Monthly Investment and Research Commentary – January 2016

Country Ranking Trends

  • Turkey was upgraded for improvements to its market integrity (see the comments on Turkey below).
  • The overall trends discussed in recent commentaries remain the same. A few more countries are improving than deteriorating. Collectively, the average score continues to increase at a modest pace.

Making Indonesian Investment More Attractive

  • Indonesia is expected to soon announce its plans for easing foreign investment rules. For example, foreigners will be allowed to increase their ownership stakes in companies and some previously-closed industries will be opened. Indonesia’s investment coordinating board has also set up a one-stop shop to help speed up the licensing process. While Indonesia saw a gain in foreign direct investment during 2015, this increase has been attributed to improved investor sentiment in the country following the 2014 election of President Joko Widodo. Recently, however, the economy has slowed and growth in foreign investment has fallen. Further opening measures may face opposition from entrenched politicians and officials, and could ultimately fall far short of hopes, but they represent an important test for the reform promises of the new administration.
  • So far, the improvements have not warranted an upgrade to Indonesia’s scores. Magni will be watching to determine if enough improvements are made to justify an upgrade. Several countries, including Brazil, have Magni Country Scores slightly higher than Indonesia. Small upgrades could have a big impact on Indonesia’s relatively rank.

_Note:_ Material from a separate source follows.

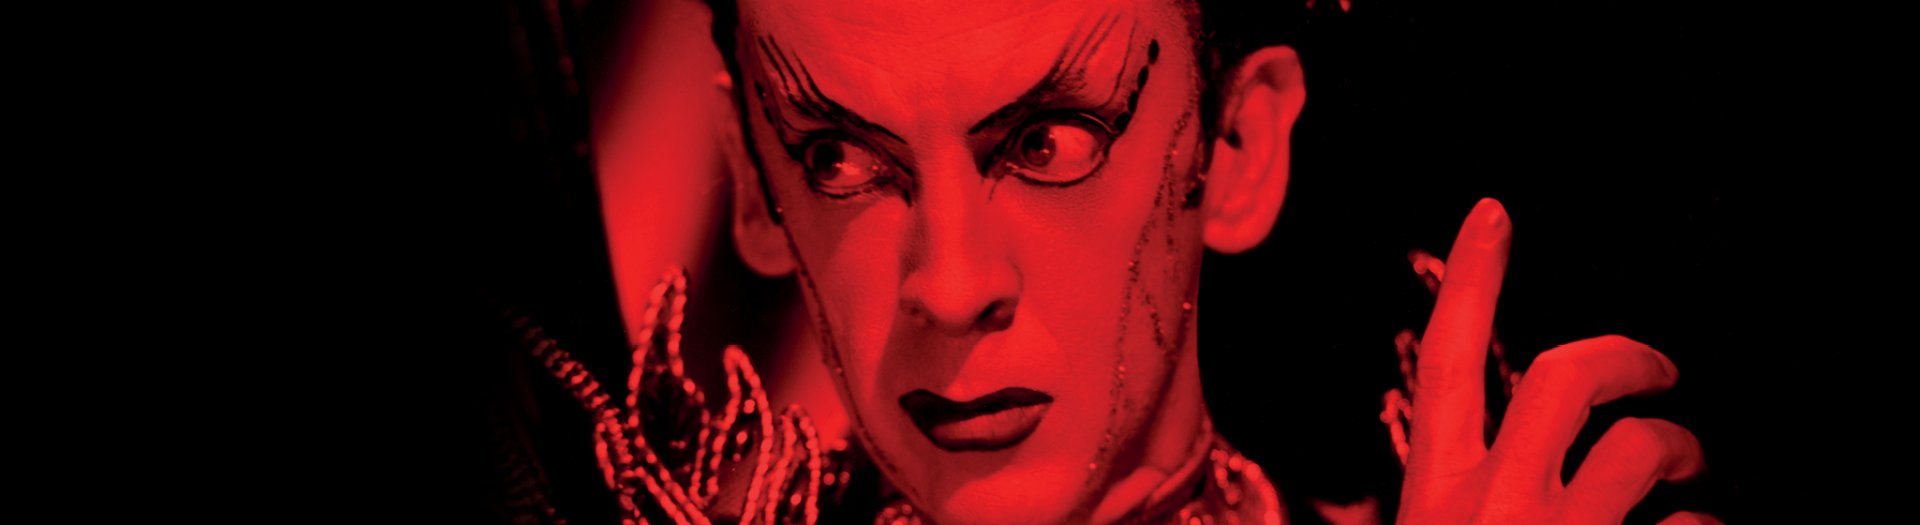 Robert Helpmann performs on stage with dramatic makeup. Their face is bathed in red light.

Geopolitical and Economic Concerns Overshadow Turkey’s Improvement

  • As a net importer of petroleum products, lower energy prices have narrowed Turkey’s current account deficit, but political uncertainty is hampering the transmission of lower oil prices into increased growth and economic activity. At the same time, there are concerns about the serviceability of its sovereign debt. President Erdogan continues to seek a new constitution that would centralize his control on power. The continued military conflict with the Kurdistan Workers’ Party, as well as spillover effects from the Syrian civil war, are further clouding the outlook.
  • On a positive note, Turkey strengthened its anti-money laundering practices. Anti-money laundering practices are a good indicator of market integrity. Turkey moved beyond a declared intention regarding better market integrity and has proven that it is implementing its intentions. The upgrade slightly improved the country’s relative ranking.

Is Poland Slipping Backward?

  • Earlier this month Standard & Poor’s cut Poland’s foreign currency rating to BBB+ with a negative outlook from A-. The A- rating had a positive outlook. The downgrade was a reaction to policy steps taken by Poland’s newly elected Law and Justice (PiS) party. Concerns over the country’s political climate have grown recently and have included a preliminary probe by the European Commission as to whether laws pursued by PiS violate EU standards. Among the controversial measures is a new annual bank tax on assets scheduled to take effect in February. Another proposal by Poland’s president would convert mortgages denominated in Swiss francs to the Polish zloty. The new government will also soon be appointing eight new members to the central bank’s ten-person rate council, and S&P stressed that further downgrades are possible if the credibility of monetary policy is undermined.
  • Magni currently gives Poland fairly high marks for the transparency of its monetary policy. Magni will be watching to determine if a downgrade is warranted.